B-tree Indexes: The Default Workhorse

B-tree (balanced tree) is the default index type in PostgreSQL, MySQL, and most relational databases. It keeps data sorted and allows searches, insertions, and deletions in O(log n) time.

How a B-tree Works

A B-tree is a self-balancing tree where:

  • Internal nodes store keys and pointers to child nodes
  • Leaf nodes store keys and pointers to actual table rows (heap tuples)
  • All leaf nodes are at the same depth, guaranteeing O(log n) lookups
  • Leaf nodes are linked together in a doubly-linked list, enabling efficient range scans

For a table with 10 million rows, a B-tree index typically has 3-4 levels deep. Finding any row requires reading only 3-4 pages from disk.

-- Creates a B-tree index (default type)
CREATE INDEX idx_orders_created_at ON orders(created_at);

-- B-tree supports: =, <, >, <=, >=, BETWEEN, IN, IS NULL
-- Also supports ORDER BY without an additional sort step
SELECT * FROM orders
WHERE created_at BETWEEN '2026-01-01' AND '2026-01-31'
ORDER BY created_at DESC;

Hash Indexes

Hash indexes use a hash function to map keys to buckets.
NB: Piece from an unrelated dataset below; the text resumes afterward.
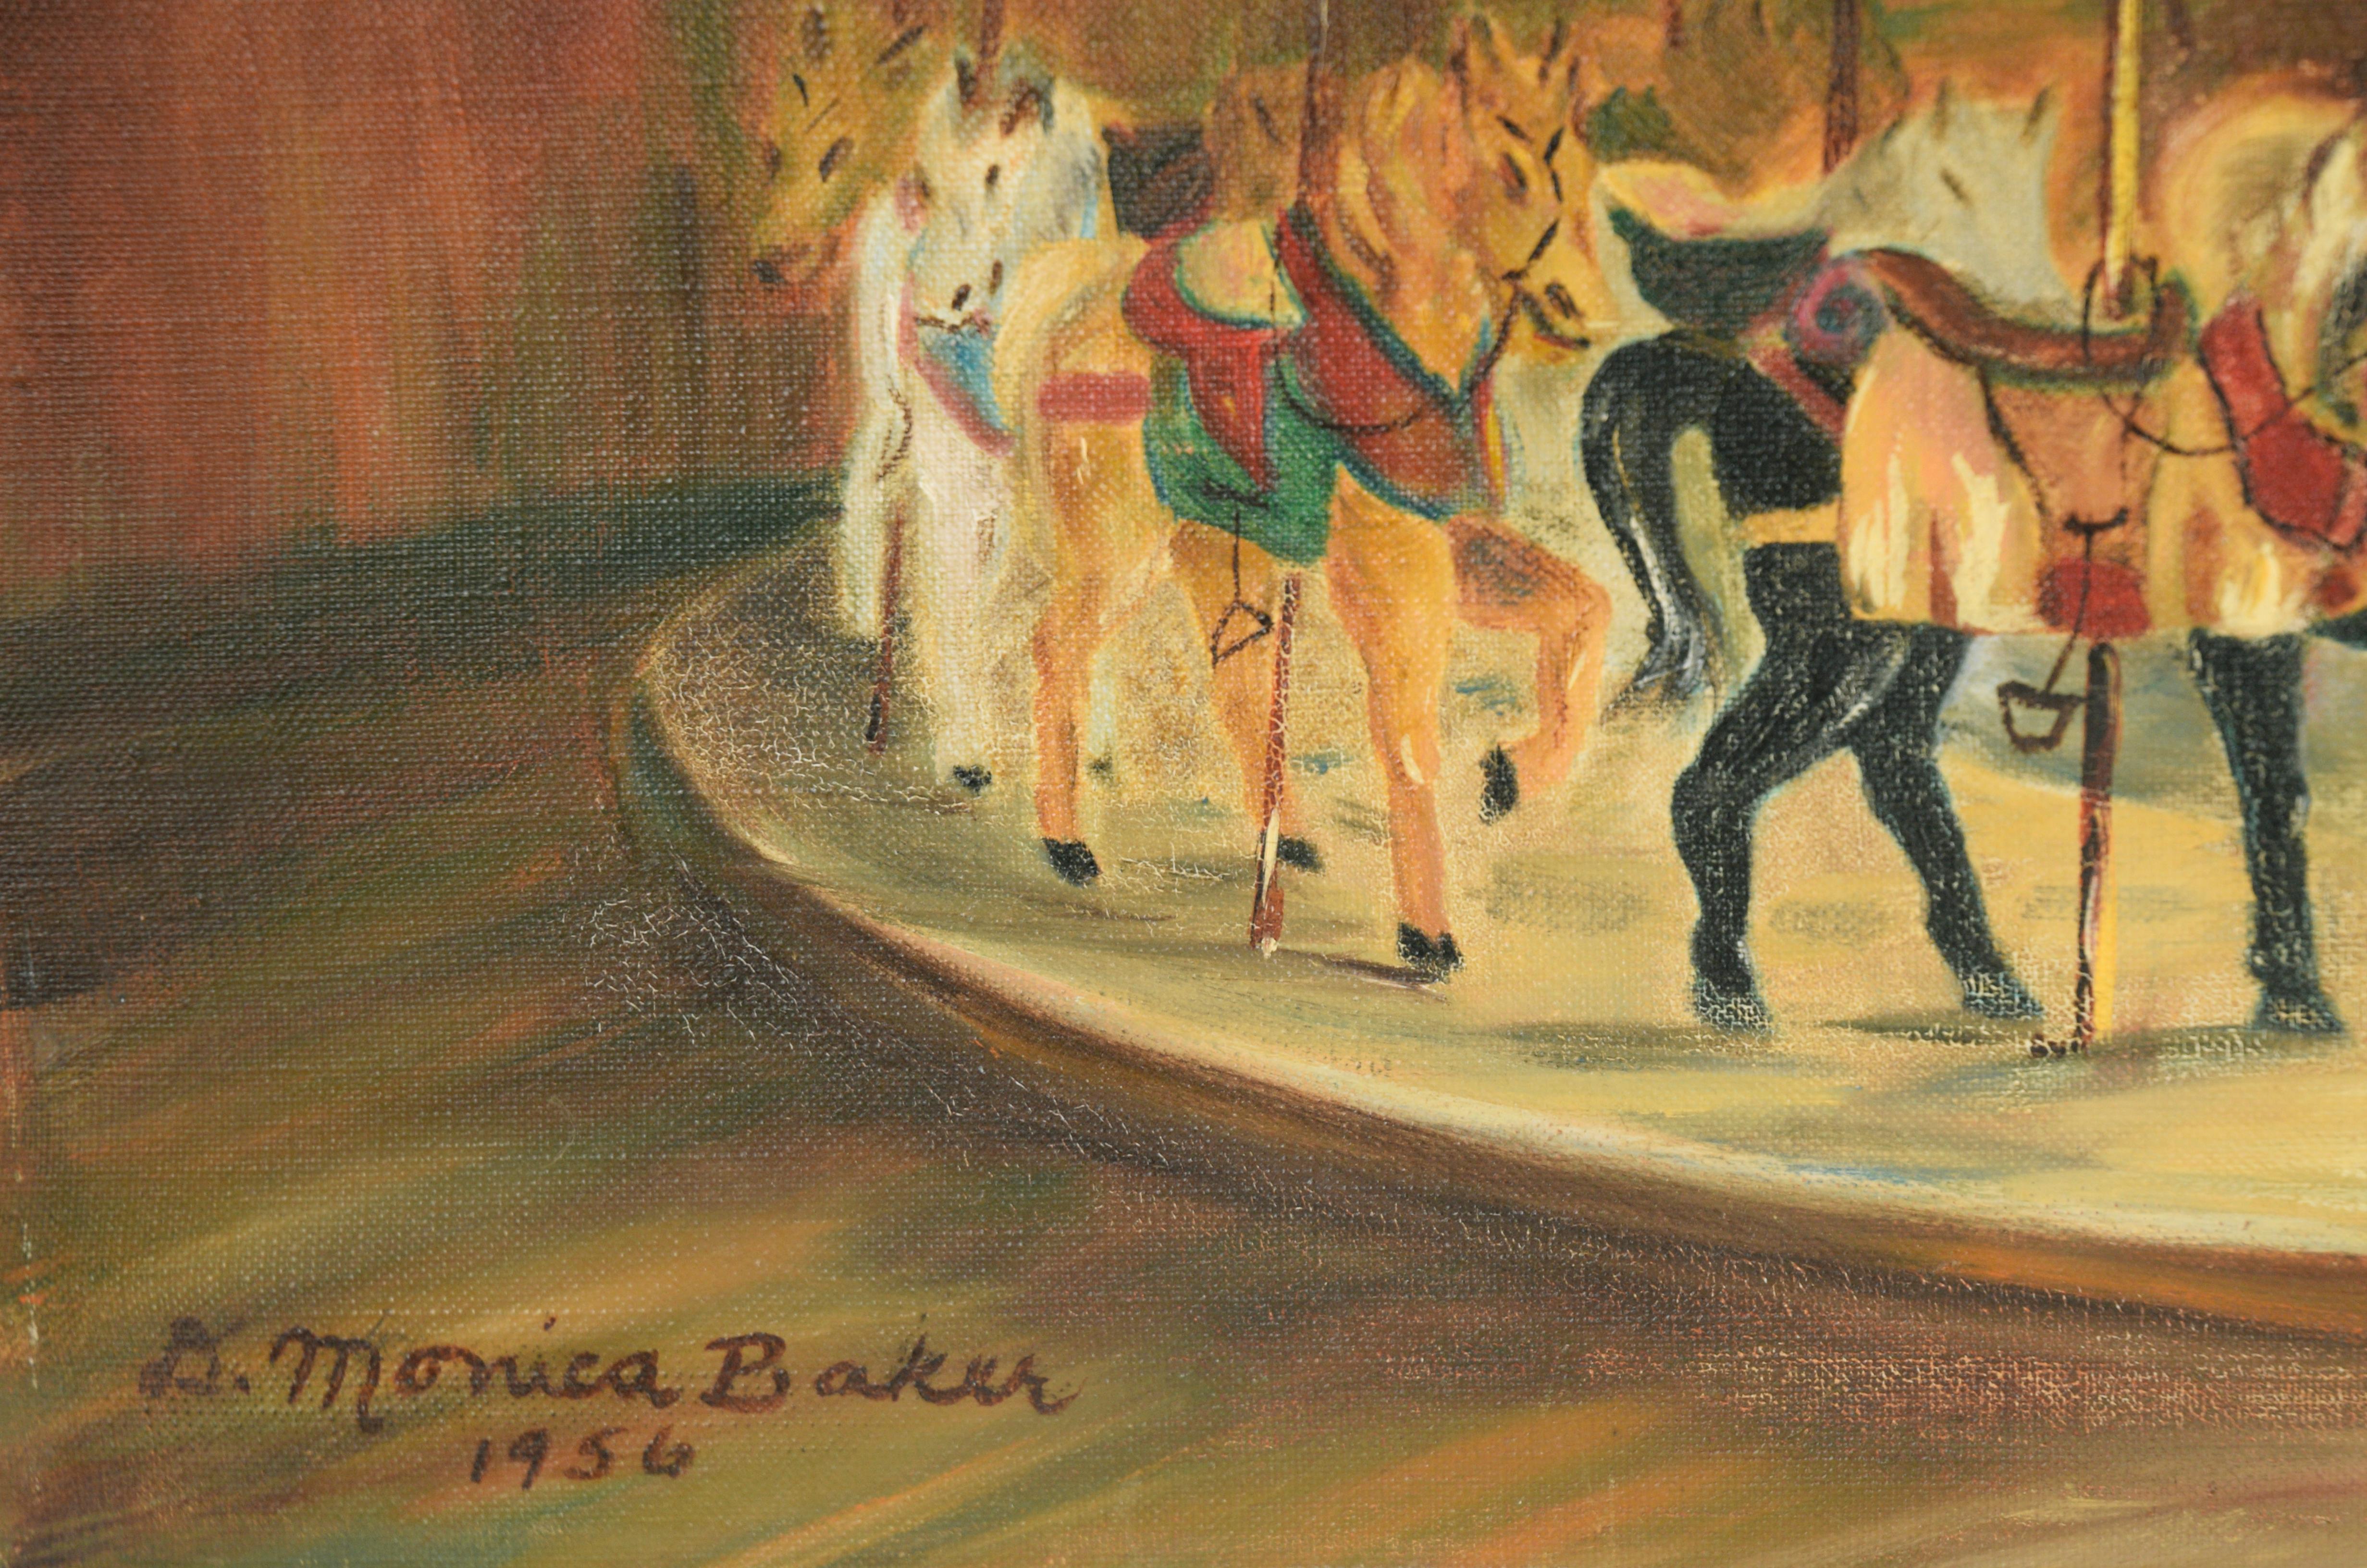 White Horse Carousel, 1956 - Original Oil Painting On Linen For Sale 4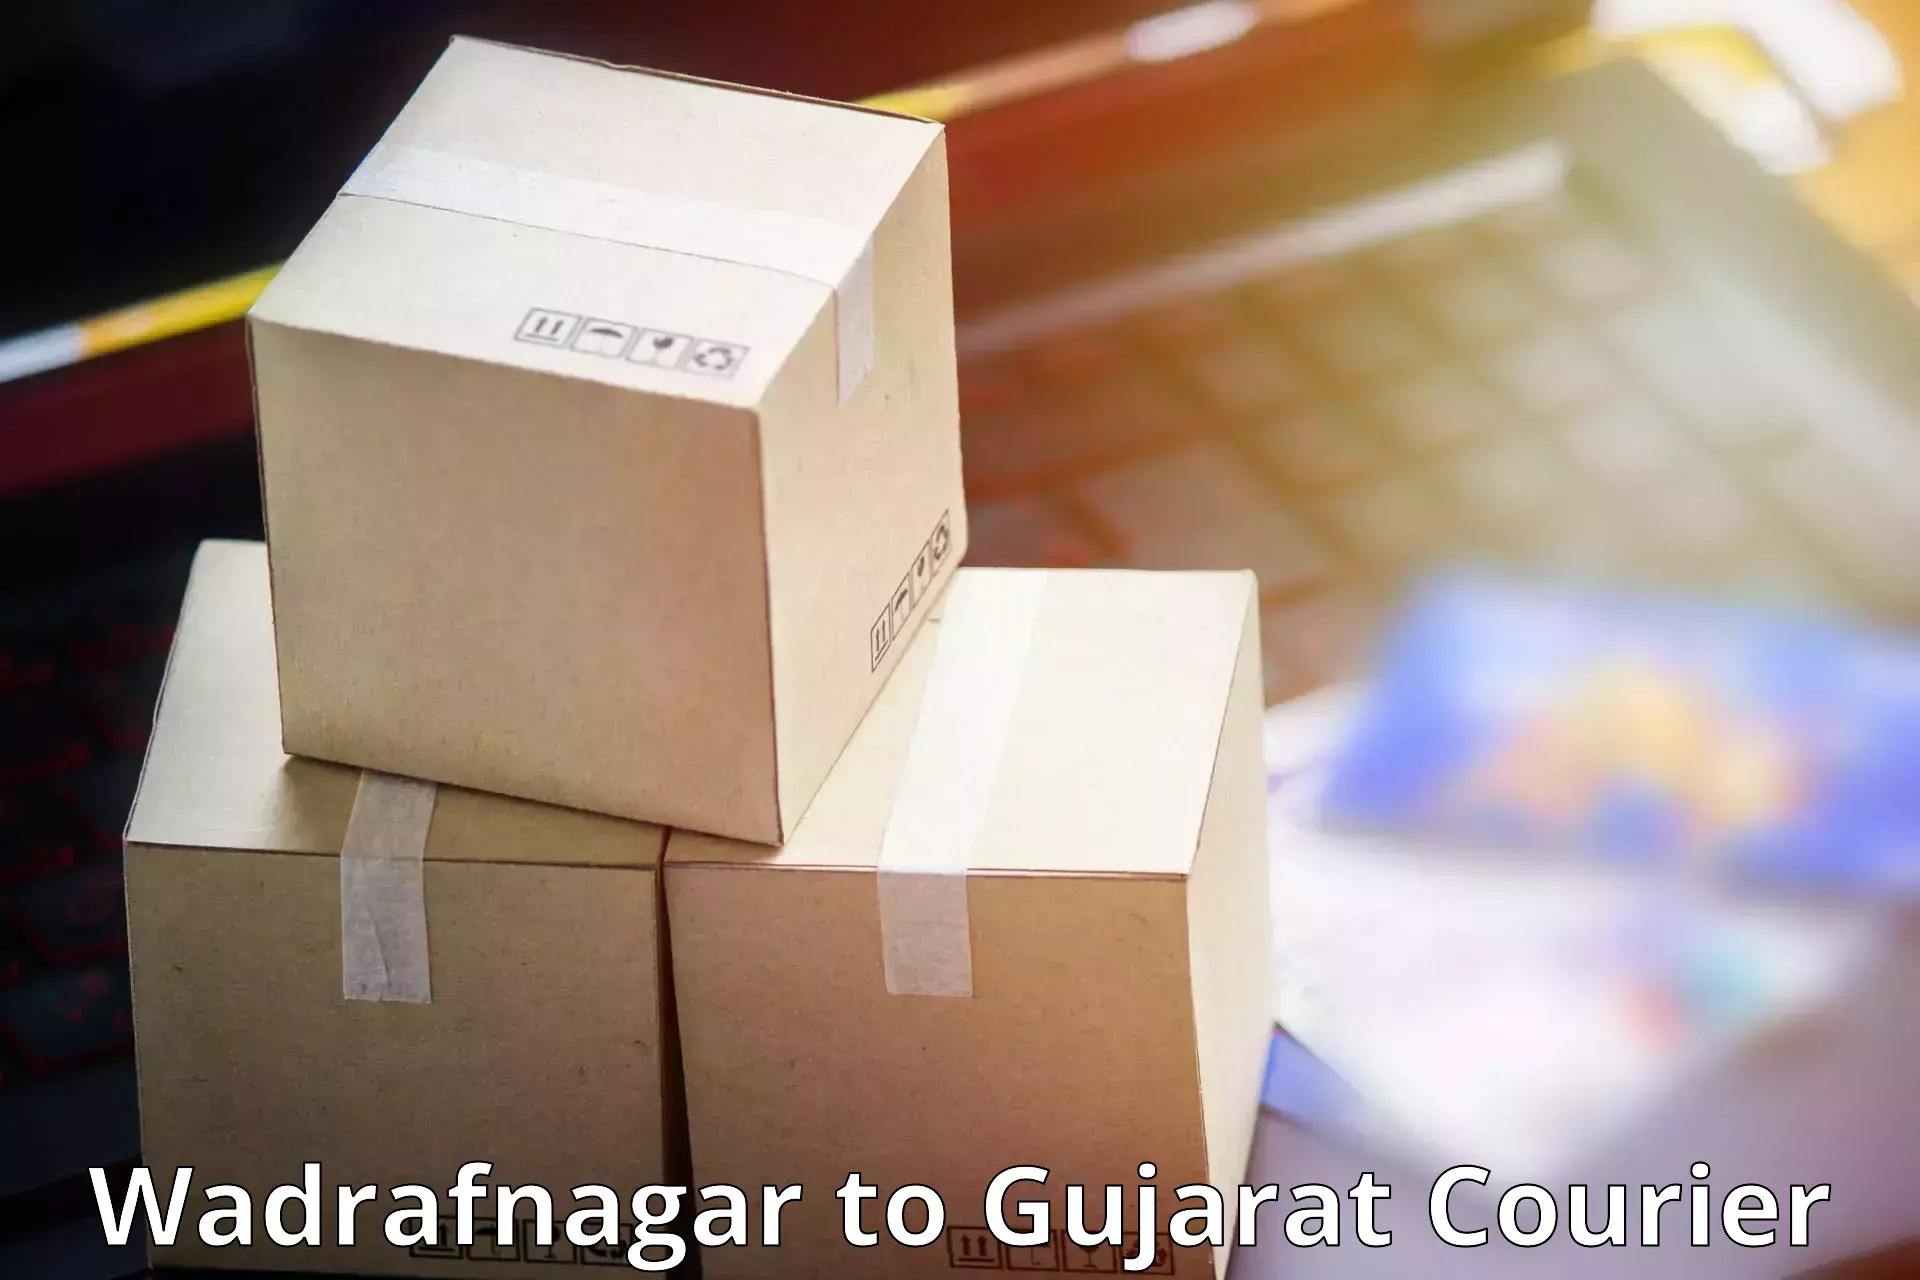 Rural area delivery in Wadrafnagar to Gujarat

They are only useful for equality lookups and cannot support range queries or sorting.

CREATE INDEX idx_users_email_hash ON users USING hash(email);

-- Good: exact match (O(1) average)
SELECT * FROM users WHERE email = 'user@example.com';

-- CANNOT use hash index: range query
SELECT * FROM users WHERE email > 'a' AND email < 'm';

When to use hash indexes: Only when you exclusively query by exact equality on a column and need slightly faster lookups than B-tree. In practice, B-tree is almost always preferred because the performance difference is marginal while B-tree is far more versatile.

Composite Indexes and the Leftmost Prefix Rule

A composite index covers multiple columns. The column order matters critically due to the leftmost prefix rule.

CREATE INDEX idx_orders_user_status_date
ON orders(user_id, status, created_at);

This single index can serve these queries:

Query Filter Uses Index? Reason
WHERE user_id = 5 Yes Leftmost column
WHERE user_id = 5 AND status = 'shipped' Yes Left two columns
WHERE user_id = 5 AND status = 'shipped' AND created_at > '2026-01-01' Yes All three columns
WHERE status = 'shipped' No Skips leftmost column
WHERE created_at > '2026-01-01' No Skips leftmost columns
WHERE user_id = 5 AND created_at > '2026-01-01' Partial Uses user_id, skips status for range

Interview tip: When asked about composite index design, think about your most common query patterns. Place equality columns first, then range columns last. The column with the highest cardinality (most distinct values) should generally come first among equality columns.

Specialized Index Types

GIN Indexes (Generalized Inverted Index)

GIN indexes are designed for values that contain multiple elements -- arrays, JSONB documents, and full-text search vectors.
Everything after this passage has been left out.